Однако вскоре я снова ловил себя на том, что вглядываюсь в лица прохожих.

Однажды, кажется, во второй половине февраля (в любом случае у нас был уже довольно большой опыт в раздавании листовок), Драбовский вытащил коробку из багажника «Октавии» и сказал:

– Ну, господа, сегодня мы поможем похудеть этой нации толстяков.

Я взял свою порцию, посмотрел на флаеры, и у меня кольнуло в животе. «Слимомикс!» – прочитал я. Как тогда! Я вспомнил бумажку, падающую, как осенний лист, и пламя волос, гаснущее в темноте перехода. Я подумал, что вполне может статься, что эликсир стройности и рыжая девушка появляются в моей жизни в один день. Конечно, я не верю в приметы и знаки, но раздача листовок не слишком интересное занятие, можно иногда разбавить его каким-нибудь дурацким развлечением.

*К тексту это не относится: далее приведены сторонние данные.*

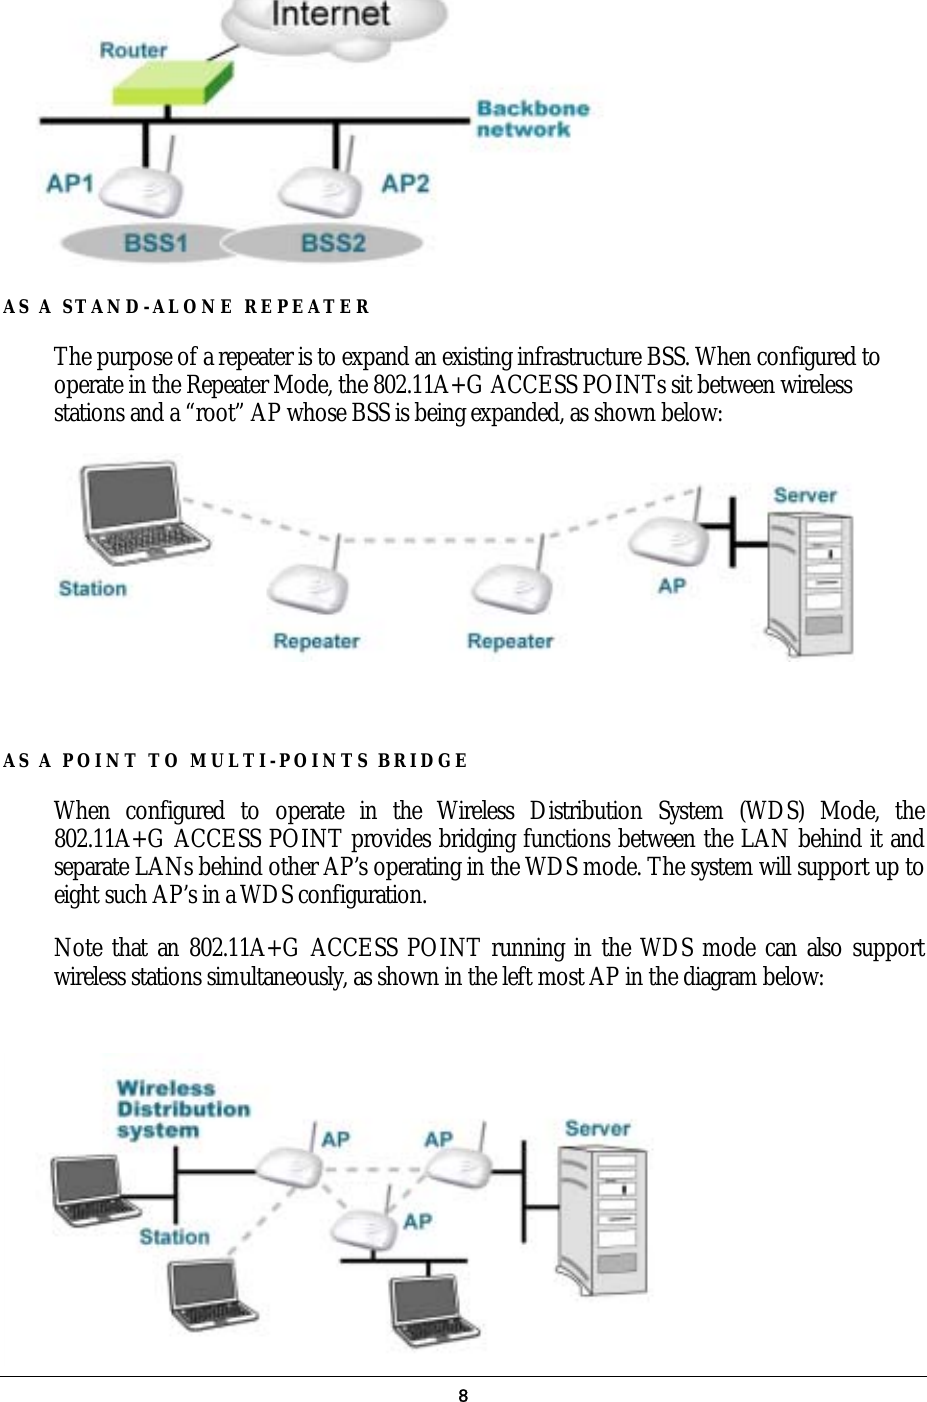   AS A STAND-ALONE REPEATER  The purpose of a repeater is to expand an existing infrastructure BSS. When configured to operate in the Repeater Mode, the 802.11A+G ACCESS POINTs sit between wireless stations and a “root” AP whose BSS is being expanded, as shown below:   AS A POINT TO MULTI-POINTS BRIDGE When configured to operate in the Wireless Distribution System (WDS) Mode, the 802.11A+G ACCESS POINT provides bridging functions between the LAN behind it and separate LANs behind other AP’s operating in the WDS mode. The system will support up to eight such AP’s in a WDS configuration. Note that an 802.11A+G ACCESS POINT running in the WDS mode can also support wireless stations simultaneously, as shown in the left most AP in the diagram below:     8

Я встал там же, где и всегда, сорвал с пачки резинку и погрузился в раздачу флаеров, параллельно ведя наблюдение. Как всегда, мимо меня проходили полчища заспанных лиц, может, уже немного менее бледных, чем пару недель назад, может, смотрящих на мир чуть более приветливо, но все еще безразличных к тому, что я намеревался им дать. Среди них были лица красивые, молодые, грязные, милые, помятые, умные, заросшие, пустые, накрашенные и бандитские. Были и знакомые. Студент – худой очкарик с сумкой-почтальоном, перекинутой через плечо, и миллионом умных мыслей на лице – как по часам, в четверть восьмого. Потом Трактор – молодая мама с маленьким ребенком, он тянул ручки к моим листовкам, а она его решительно оттаскивала. Ближе к восьми часам Ультрас, готовый навалять первому встречному. Старичок с палкой и полиэтиленовым пакетом. Последний плелся так медленно, что я смог преградить ему дорогу и спросить:

– Не желаете ли эликсир стройности?

Как всегда, он повесил палку на руку, взял флаер, внимательно прочитал и отдал мне обратно.

– Нет, нет, это вам, – я мило улыбнулся.

– Мне? Спасибо, молодой человек.

Старичок отошел, хоровод знакомых лиц крутился дальше. На удивление, не было Будильника, румяной женщины-колобка, которая, проходя мимо меня, всегда кричала в трубку: «Ты уже встал? Ну слушай, уже пять минут девятого!» – зато неизменная Ароматная, благодаря которой с восьми десяти до восьми двенадцати над «Сковородкой» витал запах цветущего луга. Время Рыжей, скорее всего, уже прошло, но я автоматически продолжал рассматривать лица. Прошли двухметровый Баскетболист, Мисс Пирсинг, Двойник Бибера и Спринтер. Около девяти передо мной возник грустный мужчина в куртке гнилостно-зеленого оттенка. Его я видел впервые.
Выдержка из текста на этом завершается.